Nuttall, William J. and Earp, John E. (2014). Nuclear Energy in the UK: Safety Culture and Industrial Organisation. In: Nam, Ilchong and Rothwell, Geoffrey eds. New Nuclear Power Industry Procurement Market: International Experiences. Research Monographs (2014-01). Sejong-Si, South Korea: Korea Development Institute, pp. 142–183.



In this paper we seek to explore the relationship between professionalism and nuclear safety in the UK. We consider the history of civil nuclear energy in Britain and the near complete shift in emphasis from state owned enterprises to the private sector.

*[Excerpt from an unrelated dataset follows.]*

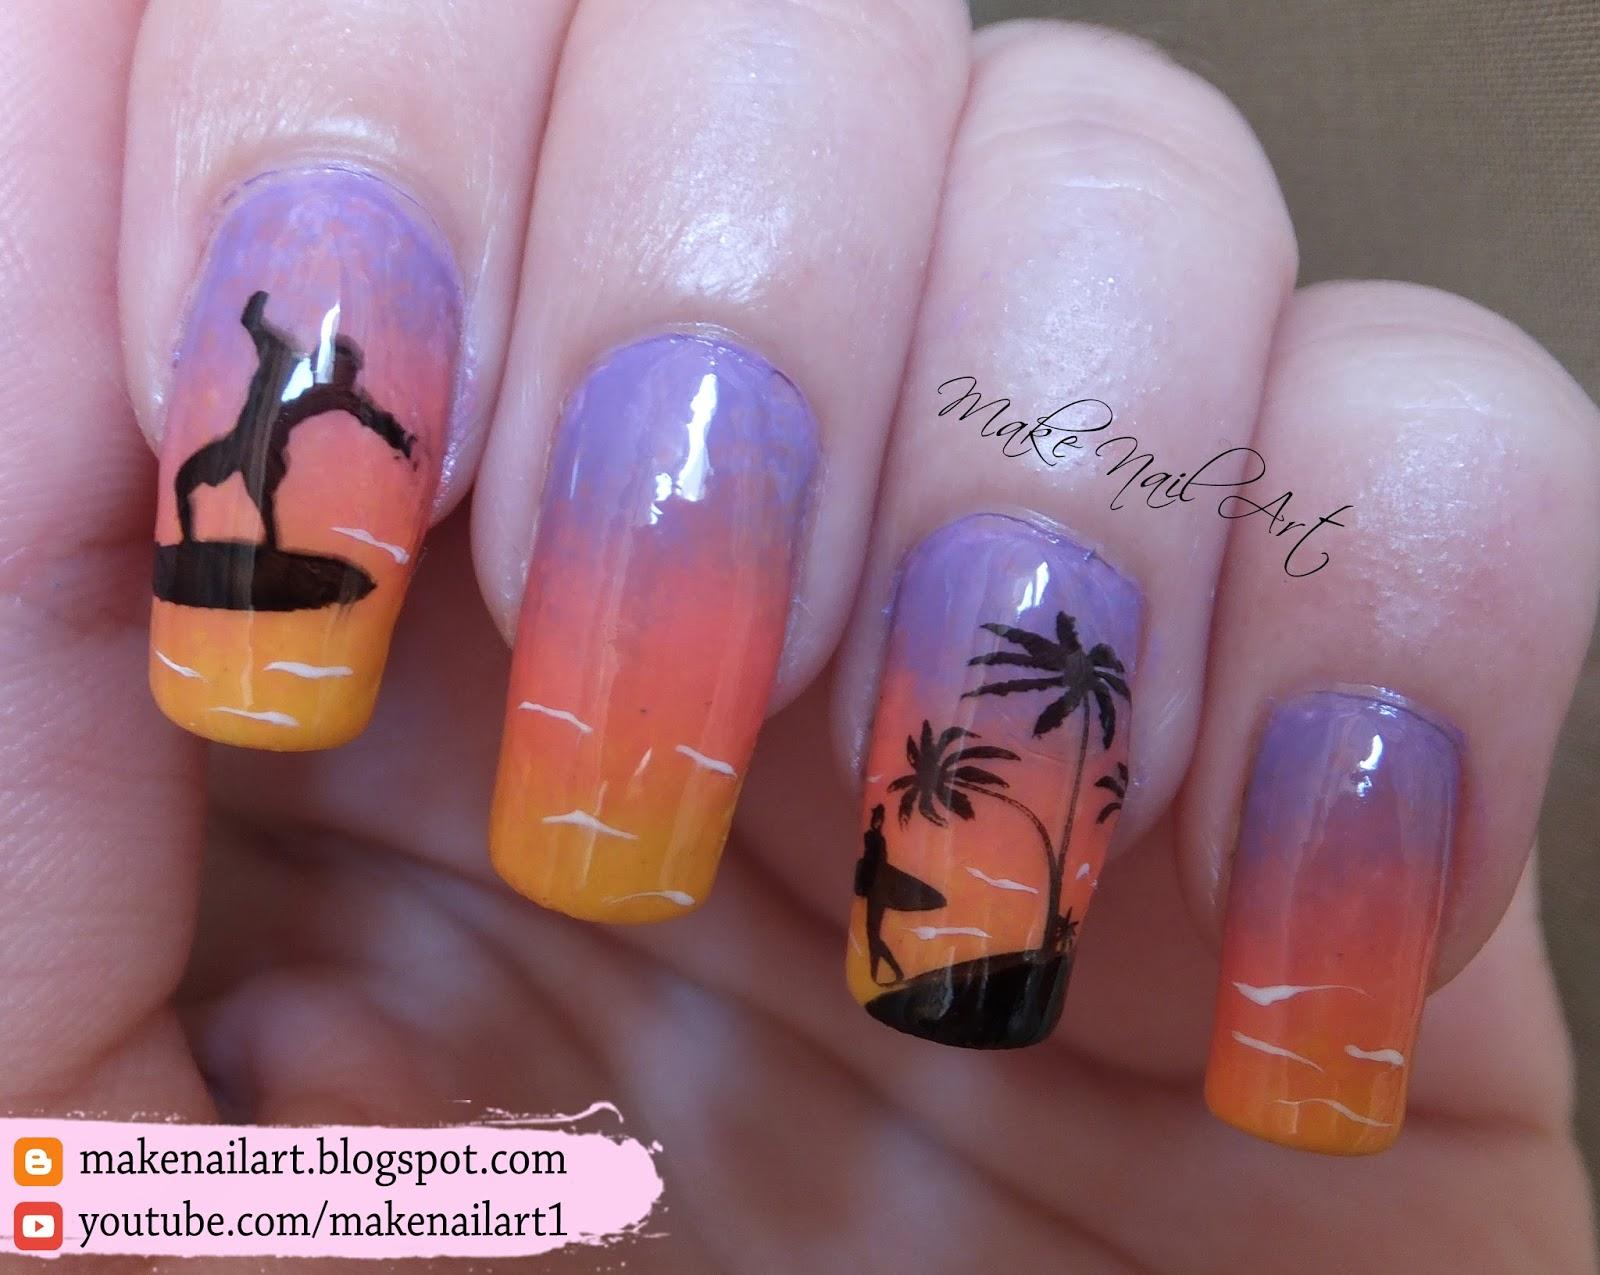 Make Nail Art: Summer Sea Sunset Stamping Nail Art Design Tutorial

We show how in recent years government has acknowledged that a truly liberalised electricity industry is unable to deliver the construction of new nuclear power stations as part of a future low carbon electricity system. Throughout, however, the intention has been for policy merely to incentivise the private sector rather than to steer industry strategy directly. Having said that, the line between strong incentives and weak control can be hard to see. We present illustrative examples, real and fictional, that give insight into the UK nuclear safety culture and we discuss the wider nature of UK society with respect to corruption. We conclude that the unique basis of safety regulation in the UK, essentially permissive rather than prescriptive, has a key role to play in promoting and maintaining nuclear professionalism.